Friday night's dinner was tacos. This was the best picture I could get:
They were nummy. We used organic blue corn shells, which didn't stay as crisp (despite crisping up in the toaster oven), but were actually easier to eat, thanks to that. They didn't break with every bite.
Oh, did I forget to mention? I can have corn now!! Well, maybe. Not too much. Just every few days. And no corn syrup.
Then, the Gluten Eaters got to have this with dinner (chili) last night:
Crispy, goeey, lovely quesadillas. I hate them. The Gluten Eaters, not the quesadillas.
Ok, now that I've gotten you caught up, it's time to welcome you into a lovely family tradition. My Sunday Morning Coupon Rant. It's simple, really, and the hubby says it's entertaining. I calmly flip through the coupons in the paper, in case there's somehow actually one I can use, and then explode with screaming when I come across Really Stupid new products.
What's not to love?
I'll start with one that almost snuck by me... Shake and Pour Bisquick. (Not a very good link, but I wanted to give you something.) "Just add water." And shake. Because STIRRING was too hard?!?! Because it's GOOD to waste extra packaging that we all KNOW won't be recycled just so people can don't have to dirty a bowl? Because real pancakes are, of course, way too hard. Flour, baking powder, and eggs are luxury items.
How proud folks must feel... special occasions are so much easier now. "Look! Mommy COOKED!"
What's next? Microwave pancakes? So we don't have to dirty a griddle?? Whoops... yes... apparently they've already got them.
Y'all can't imagine how big I am scowling and rolling my eyes.
Does anyone know how to cook anymore? I don't mean the stupid ego-puffing, soul-demeaning, gut-busting, nutrientless meal-in-a-box insta-crockpot CRAP that masquerades as cooking. I mean COOKING. Not assembling. Making a meal from food.
I hope I anger people. I hope I get on someone's nerves by saying this. Because it needs to be said. If all you have to do is add water and stick it in the microwave YOU ARE NOT COOKING. It is NOT FOOD. Admit that. If you're ok with that, with eating that way and feeding your family that way, fine. Your choice. But at least call it what it is. It is NOT cooking.
Next on my list of stupid things is Wanchai Ferry dinner kits. Mainly because the ad was dumb.
"Amazing Chinese. Created by You."
Dude, it's a kit. You're assembling dinner, not creating it. Your participation is once again limited to cutting the chicken (I am impressed that they think people still know how to do that), and warming the ingredients. That's not "creating."
I dunno... that's a bit of stretch to gripe about, but I'm already in a bad mood this morning, so I'm griping about everything.

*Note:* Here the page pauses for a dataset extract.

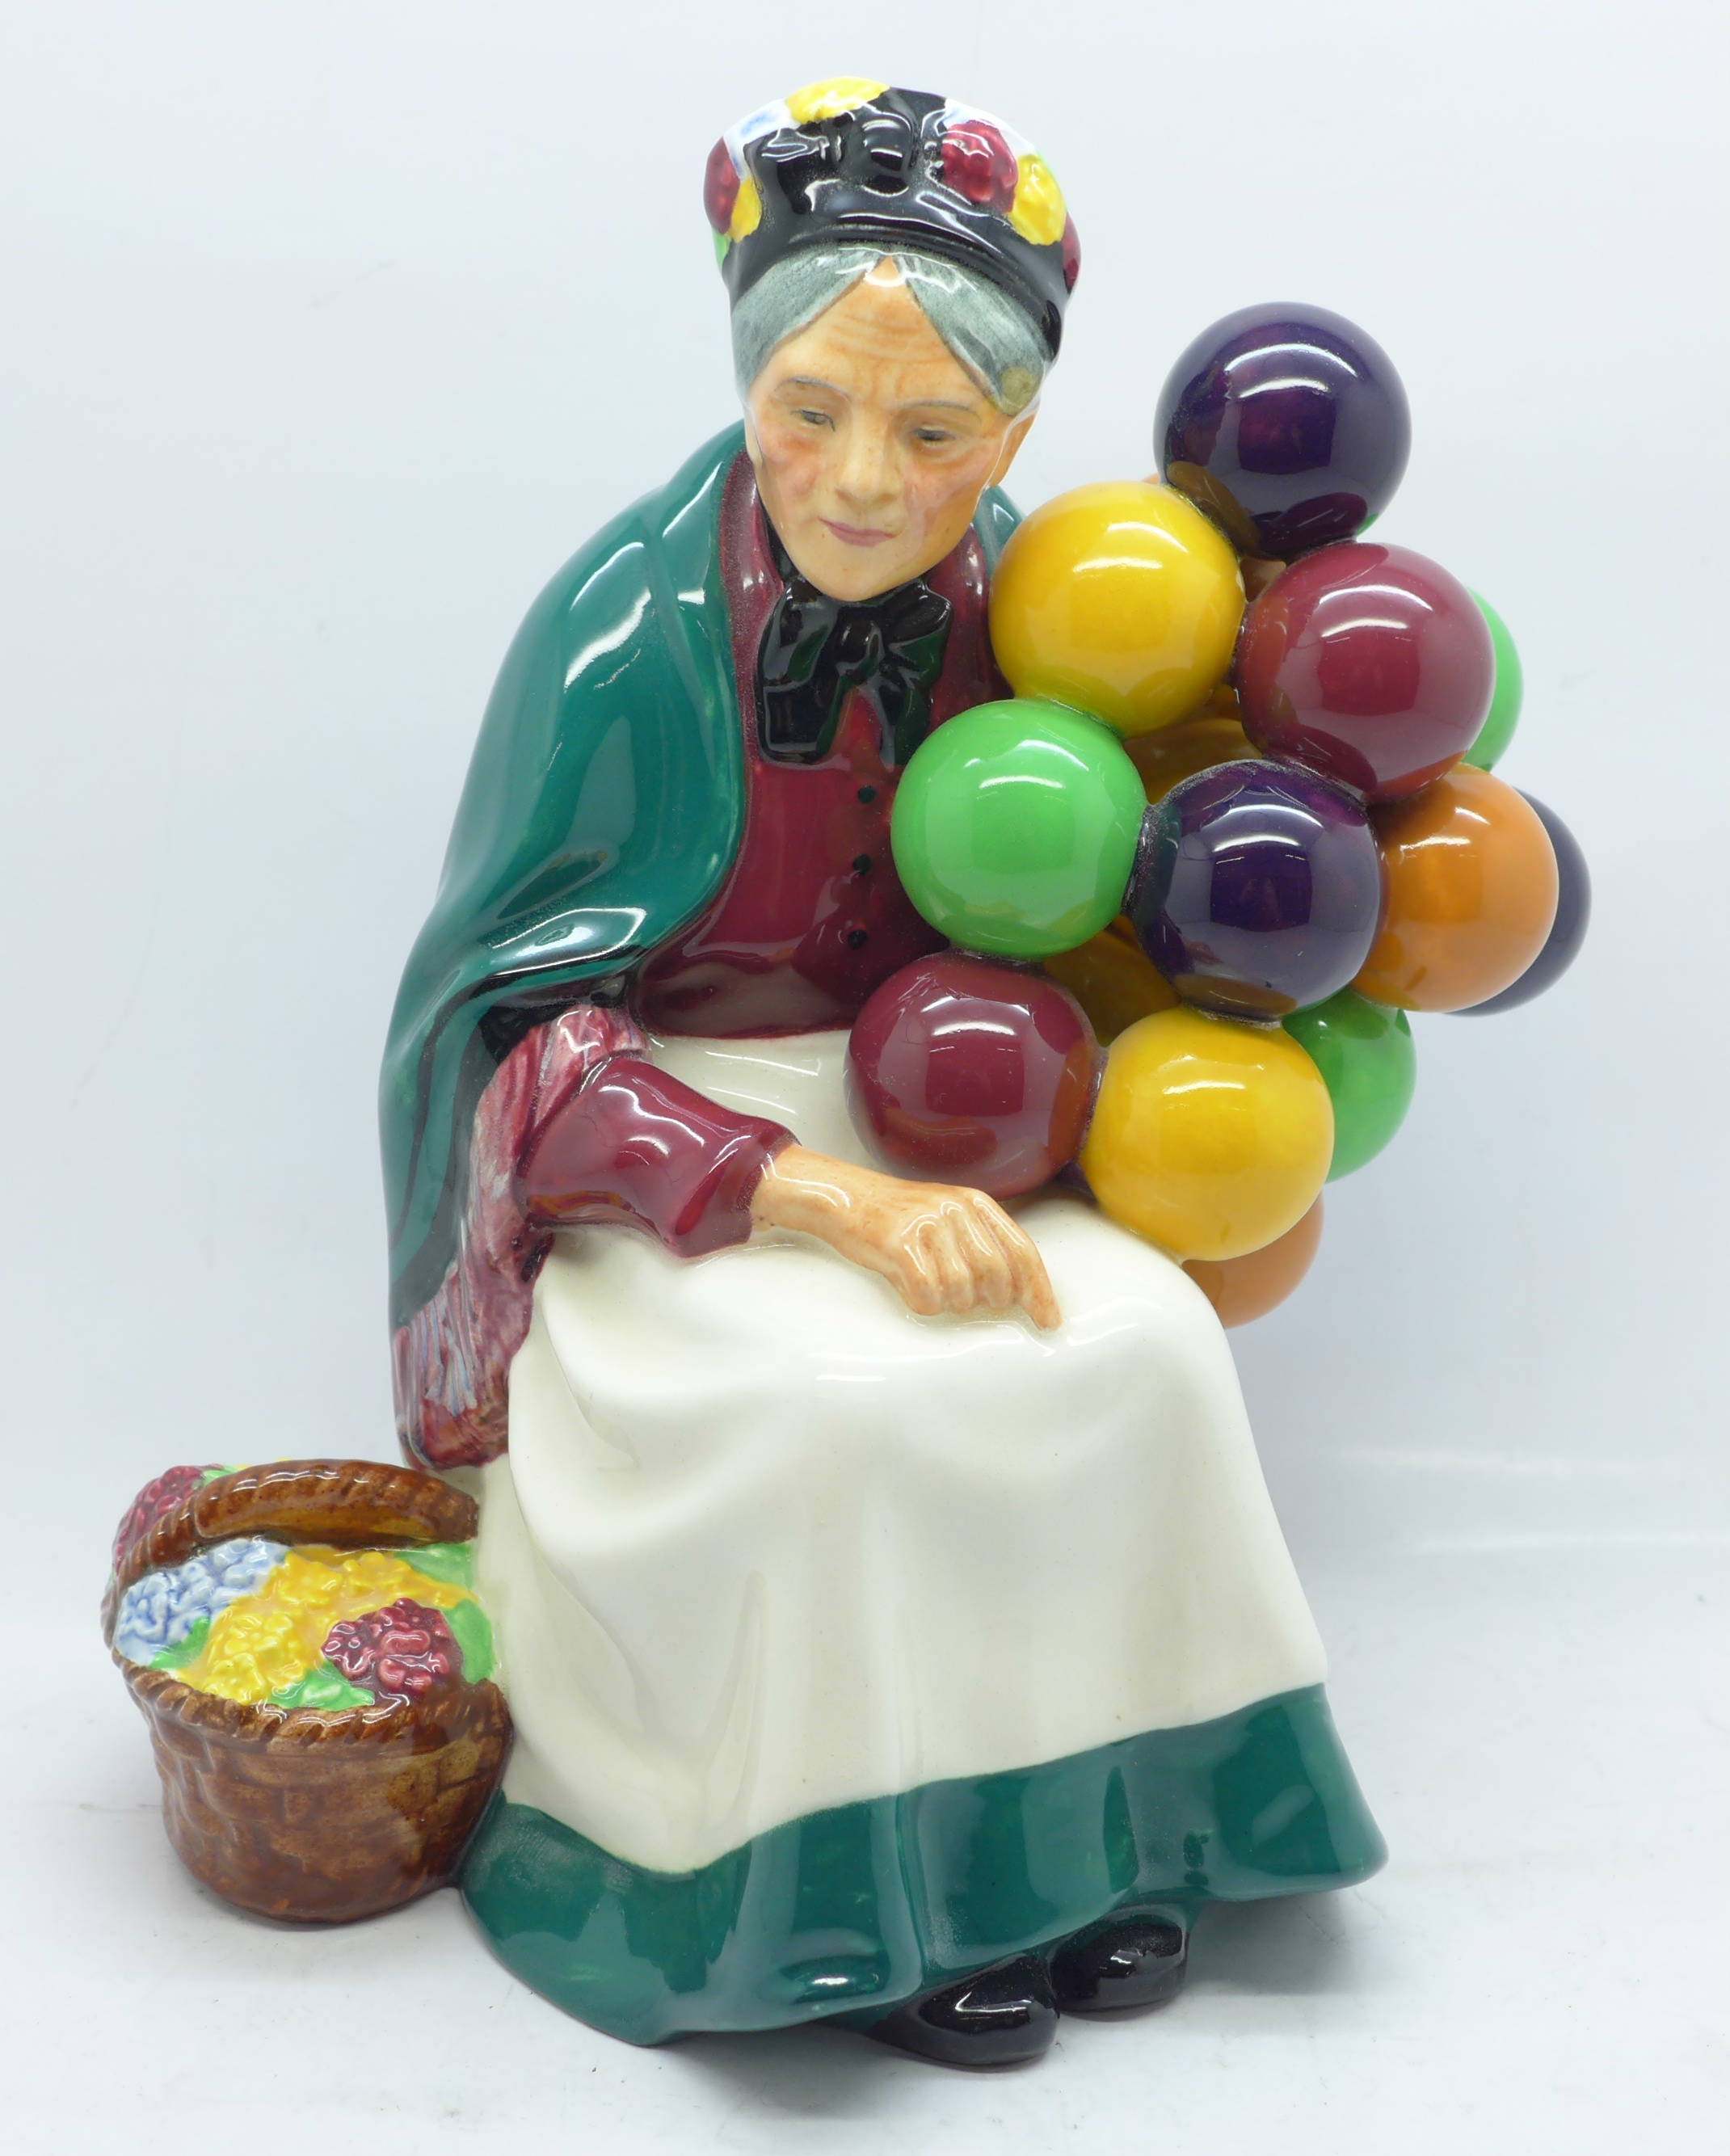 A Royal Doulton figure, The Old Balloon Seller

My last one is a bit lame, too, but I'm going to do it anyway. Glade Air Infusions... let me begin by saying I hate air sprays. If your house smells that bad, DO something about it. Seriously. Maybe I'm just sensitive because I'm allergic to a lot of inhalants, but... really. Do sickly-sweet flowers really blend well with the smell of poop? Because I know that's where a lot of folks use these sorts of things- in the bathroom. You poop, you flush, you spray fake flowers. Why not just turn on the vent? (Or change your food so your poop smells better...)
And, when I'm feeling particularly conspiracy-minded, it's easy to convince me that these ubiquitous air sprays have Stuff in them that make people dumb. Stuff that makes them believe that adding water = cooking.
But, what caught my attention this morning was the top corner of the coupon ad. "Look for NEW Vanilla Mint Creme (fragrance) during the holiday season!" Vanilla Mint Creme is now the official smell of the holidays? Since when? Was there a symposium? I thought the government-sanctioned, advertiser-agreed Official Smell of the Holidays was cinnamon bun. Or pumpkin pie. Crap... maybe they've been changing it and didn't tell me. I need to know what to smell like!! Please, agree and tell me!!! AAaaaaaaaaack!
I need an emoticon here. Do blogs get emoticons?
Ooooh, wait, we have a last-minute entry! Ronzoni Smart Taste Pasta. Even google was surprised by the dumb name and had other suggestions for me. No, it really is named Smart Taste. The picture is a a mom, I suppose, dressed horribly (she didn't eat the pasta, I guess), trying to kiss some pasta that apparently just graduated. She's got her eyes closed, though, so it's a rather passionate kiss for a mama to be giving her kid.
Anyway... Smart Taste pasta. It has lots of fiber and some calcium... that's why it's smart. What does smart taste like, y'all? I guess I don't know. I think they really missed the boat on this one. If you're going to be following empty food trends, you really need to focus in on what consumers want most. If you're going to give it a name like "Smart" you need omega-3s. They are all the rage these days, and are actually somehow related to being smart.
So, that's it. That's my rant. Now I'm going to go COOK some breakfast. No water added, and the microwave (that I'm ashamed to admit I own) won't be involved. As usual.